Once the meat packing plant is up and running, I assume you'll be sending out some thick, juicy Angus steaks to all forum members?!?

(Good tip from FlyBoy ... you don't want to be carving into that white "pellet" foam ... stick with the pink stuff if you have any carving in mind.)

Have fun!

TJ


----------



## MacDaddy55 (Aug 19, 2008)

*Not to WORRY!*

Yeah Guys,
The white foam has been addressed already seeing that this is a pretty flat setup to begin with. The next table will have Pink insulation and more detailed hills, woods, and farmland.....a river going through our town of Bedford....it will happen? We pretty much planned this out about four years ago and now its gone from planning to implementing. Those thick Juicy Angus steaks are no longer the expensive beasts anymore.....Steaks on the grill for Easter yum yum:laugh:


----------



## bradimous1 (Mar 3, 2010)

thats pretty funny Mac... I am not sure if you are aware, but their was another thread on this forum that mentioned they were discontinuing to make the pink stuff... my home depot still has plenty of it and I have no idea what the time frame of them discontinuing it is.

the packing plant looks amazing, great work!!!


----------



## Big Ed (Jun 16, 2009)

MacDaddy55 said:


> Yeah Guys,
> The white foam has been addressed already seeing that this is a pretty flat setup to begin with. The next table will have Pink insulation and more detailed hills, woods, and farmland.....a river going through our town of Bedford....it will happen? We pretty much planned this out about four years ago and now its gone from planning to implementing. Those thick Juicy Angus steaks are no longer the expensive beasts anymore.....Steaks on the grill for Easter yum yum:laugh:


I was going to say that it looks like you won't be digging into that foam much.
Pretty much flat.

The other table? Are you putting up another along side this one?

Steaks sound great!

I got a big leg of lamb going in the oven. MMMmmmmmm good.
Makes my mouth water thinking about it.:laugh: drool drool
The only time of year I get to eat it.:thumbsup:


----------



## MacDaddy55 (Aug 19, 2008)

Nah Ed we aren't really diggin in the foam on the Meat table because it is flat as a pancake and takes up alot of realestate. We are doing an open Horseshoe with one side the Rural farmland side and the other the town of Bedford. We have done our homework on this project and look forward to the completion of table one. I like my Leg O Lamb medium rare please.....skip the mint jelly please!


----------



## tjcruiser (Jan 10, 2010)

Alright, MacD ... I gotta ask ...

You say you've "done your homework" on this layout, right? So ...

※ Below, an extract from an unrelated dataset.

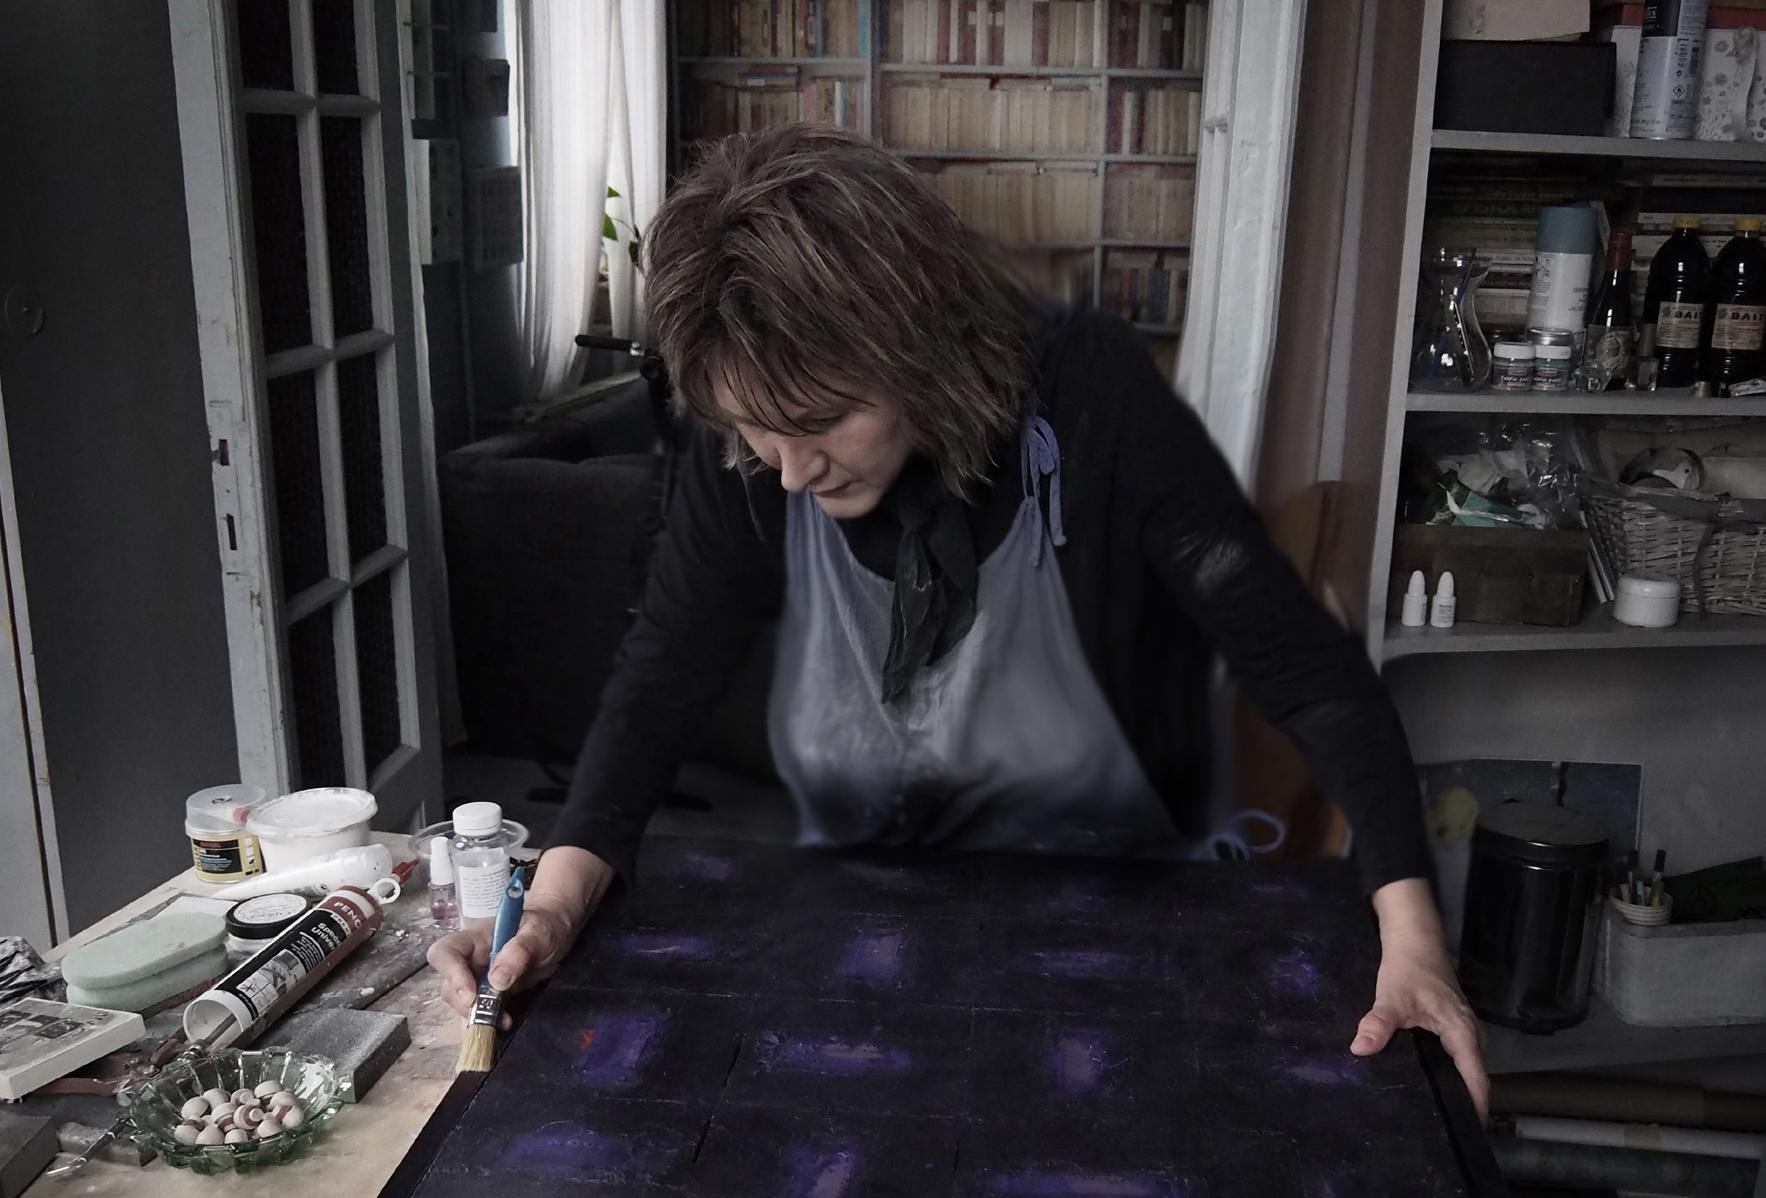 Ana-Maria Panaitescu - visiting artist's studio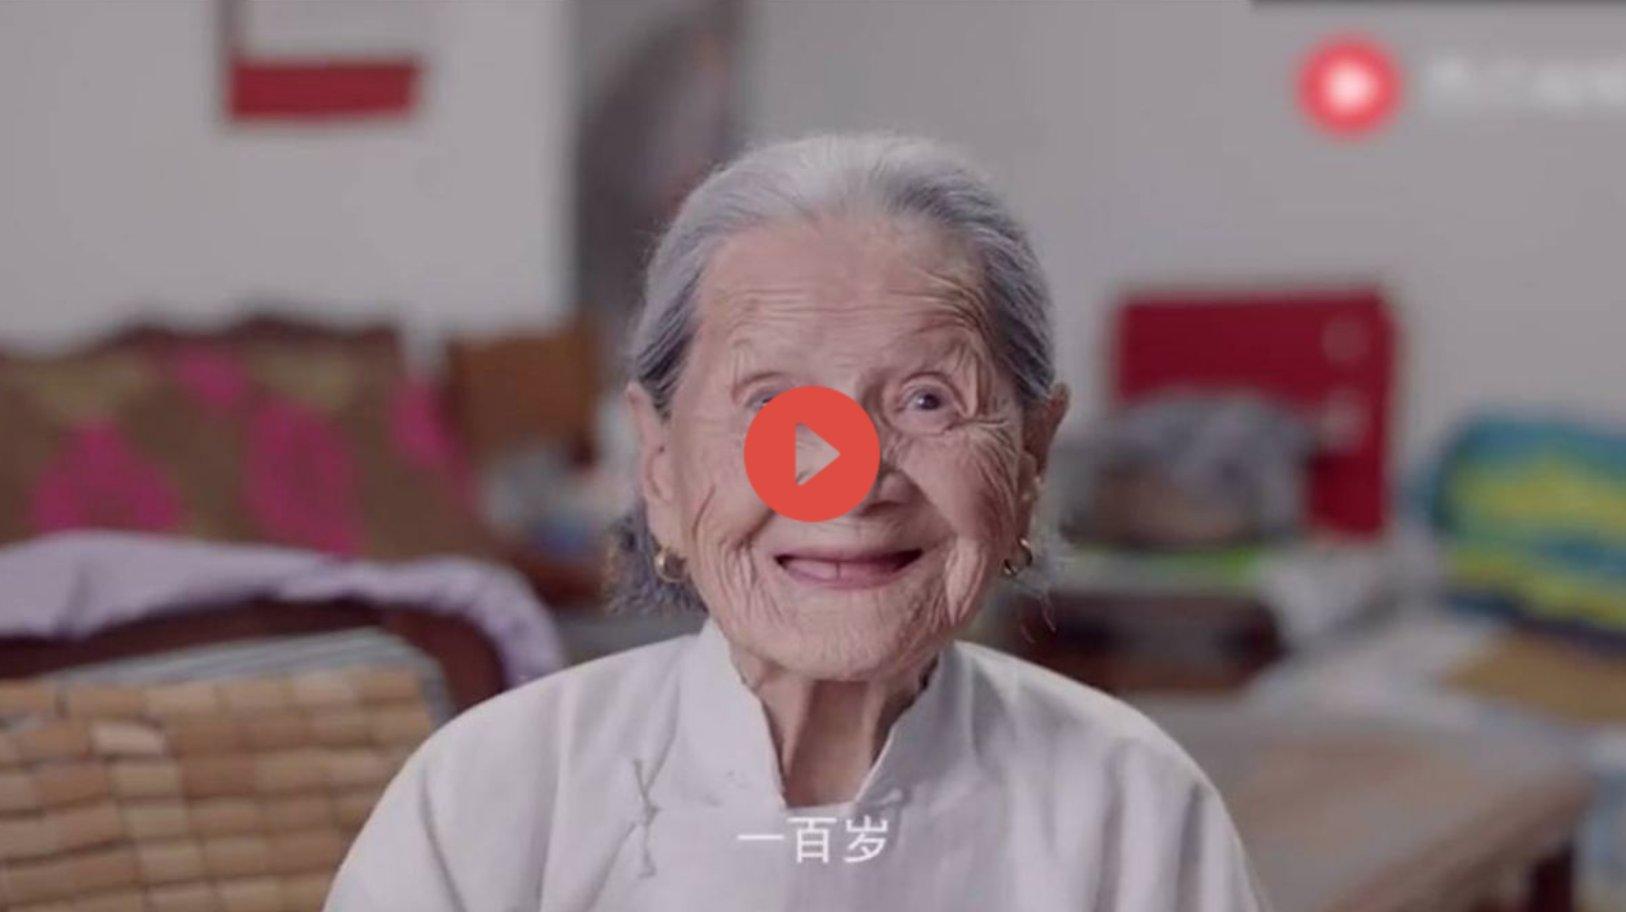 screen shot 2018 10 04 at 3 04 48 pm.png?resize=412,232 - 120秒紀錄女性1-100歲變化...網友鼻酸感嘆:「這就是人生啊~」

Why a meat packing plant? NOT that there's anything wrong with that (as they say) ... just curious as to why that? Some family connection/history/etc.?

TJ


----------



## MacDaddy55 (Aug 19, 2008)

*I'm a Food Dude!*

Well TJ,
I'm a Chef by profession and have always been interested in the Meat Packing Business from the early 1900's to the present. My moms uncle Tommy worked for the NYC and would tell us stories about his adventures on the railroad(he was a brakeman and lost his right arm in an accident) especially hauling livestock. Anyway when I was in Chef school we toured the Patrick Cudahy plant in Milwaukee and got to see what was left of the Stockyard and cattle shute up to the Kill building(we couldn't see that). The whole operation from Grasslands to your table is incredible. The money these plants rake in would just blow you away. It kinda tweaked my interest as to how all this came together and I din't see anyone really modeling Meatpacking SSOOOOOO here we are.


----------



## Big Ed (Jun 16, 2009)

MacDaddy55 said:


> Well TJ,
> I'm a Chef by profession and have always been interested in the Meat Packing Business from the early 1900's to the present. My moms uncle Tommy worked for the NYC and would tell us stories about his adventures on the railroad(he was a brakeman and lost his right arm in an accident) especially hauling livestock. Anyway when I was in Chef school we toured the Patrick Cudahy plant in Milwaukee and got to see what was left of the Stockyard and cattle shute up to the Kill building(we couldn't see that). The whole operation from Grasslands to your table is incredible. The money these plants rake in would just blow you away. It kinda tweaked my interest as to how all this came together and I din't see anyone really modeling Meatpacking SSOOOOOO here we are.



Theres a small meat packing place I go by on the way to work. they got huge slabs on hooks going from the outside to the inside. They butcher a lot of different animals there.

Right across the street used to be a small shop rite kind of store and the people from India made it a temple of worship.:laugh:

I think they put on blinders when they go to it, they don't really approve of all the beef and others swinging on hooks outside.:laugh:

They tried to get it shut down. It's been there since the early 1900's.:laugh:


----------



## tjcruiser (Jan 10, 2010)

MacD,

Thanks for the info / explanation. Sounds perfect for your talents / interests.

So...

If and when the Model Train Forum ever has its first Annual Convention, can we pen your name in to be our official chef extraordinaire? Keep our tummies full with smiles on our faces?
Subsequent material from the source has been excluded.